A.4 Additional Discussion on Minibatch building with $\mathbf{y}^{\text{CC}}_{i}$

Since we know that the maximum support of all the $\mathbf{y}^{\text{CC}}_{i}$ distributions is $r+1$ , we can ideally easily pass them as key-value pairs to the training loop and calculate KL divergence more efficiently. This causes only $O(kr)$ increase in memory footprint of a batch. However, this can be slightly inefficient since we need to run “gather” operation to obtain correct components of the predicted distribution $P_{\theta}(y_{i})$ based on token indices. “gather” operation is often slow⁸⁸8https://github.com/pytorch/xla/issues/898, https://github.com/pytorch/xla/issues/3587 on TPU/XLA devices which rely on a predictable dataflow in order to optimize their compute graph. Prior works such as BigBird (Zaheer et al., 2020) have resorted to special resizing and converted the operation to continuous memory access.

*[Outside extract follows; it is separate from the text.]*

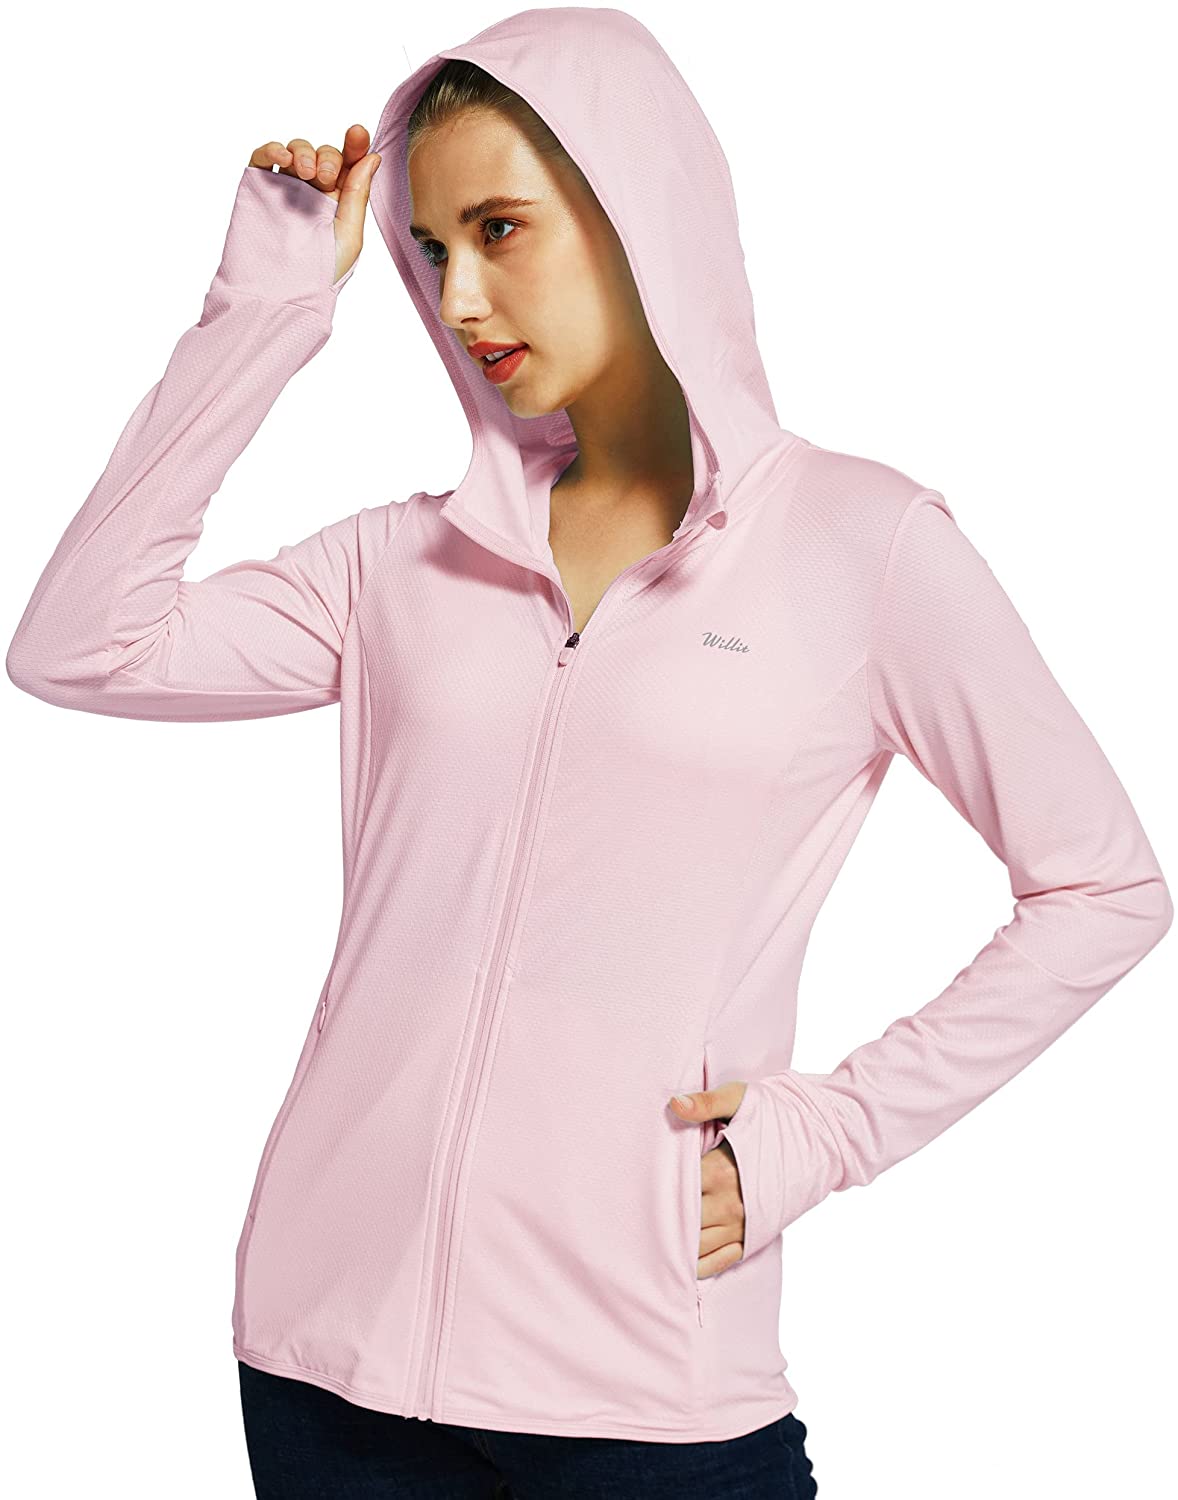 Willit Women's UPF 50 Sun Protection Hoodie SPF Shirt Long Sleeve Hiking Fishing Outdoor Shirt Lightweight Hoodie

Such tricks are harder to implement here without ascertaining an upper bound on the maximum token ID in the support of $\mathbf{y}^{\text{CC}}_{i}$ . Ideally, obtaining such bounds may be useful and possible since the tokenizer (such as WordPiece or BPE) are expected to assign lower token IDs (earlier “merges”) to frequent tokens anyway. In our implementation, we initialize a $k\times|\mathcal{V}|$ size zero vector and use the “scatter” ⁹⁹9https://pytorch.org/docs/stable/generated/torch.scatter.html operation to populate counts at correct places. While the “scatter” operation is also slow, we perform it during batch creation on CPU which is latency optimized as opposed to previous proposal which was doing “gather” operation on accelerators which are throughput optimized. While this increases the memory footprint of the batch by $O(k|\mathcal{V}|)$ , we found that using such dense vectors for KL divergence resulted in the model running slightly faster on both TPUs and GPUs.

Since we pack the $[\mathbf{y}^{\text{CC}}_{1},\dots,\mathbf{y}^{\text{CC}}_{k}]$ directly into the batch as $|\mathcal{V}|$ -dimensional vectors, the memory used by the labels in the CoCoNTs objective is considerably higher than in the baseline. Despite this, we occupy only 0.5% of the total TPU/GPU RAM used by the trainer. The baseline (NT) method takes only $128\times 256\times 2=64\text{KB}$ of memory to store labels for a sequence length of 256 and a batch size of 128, assuming16-bit integer token IDs. In the CoCoNTs objective, we provide additional $k$ distributions. Assuming each number in the distribution is a 16-bit float, and considering $k=8$ and GPT2’s vocabulary size of $50257$ , we occupy approximately $128\times 8\times 50257\times 2=98.16\text{MB}$ of additional GPU/TPU RAM per batch during training. On our GPUs, the NT objective utilizes around 72GB of RAM out of the total available 80GB, leaving more than enough room to accommodate all the $k=8$ extra distributions per sequence per batch.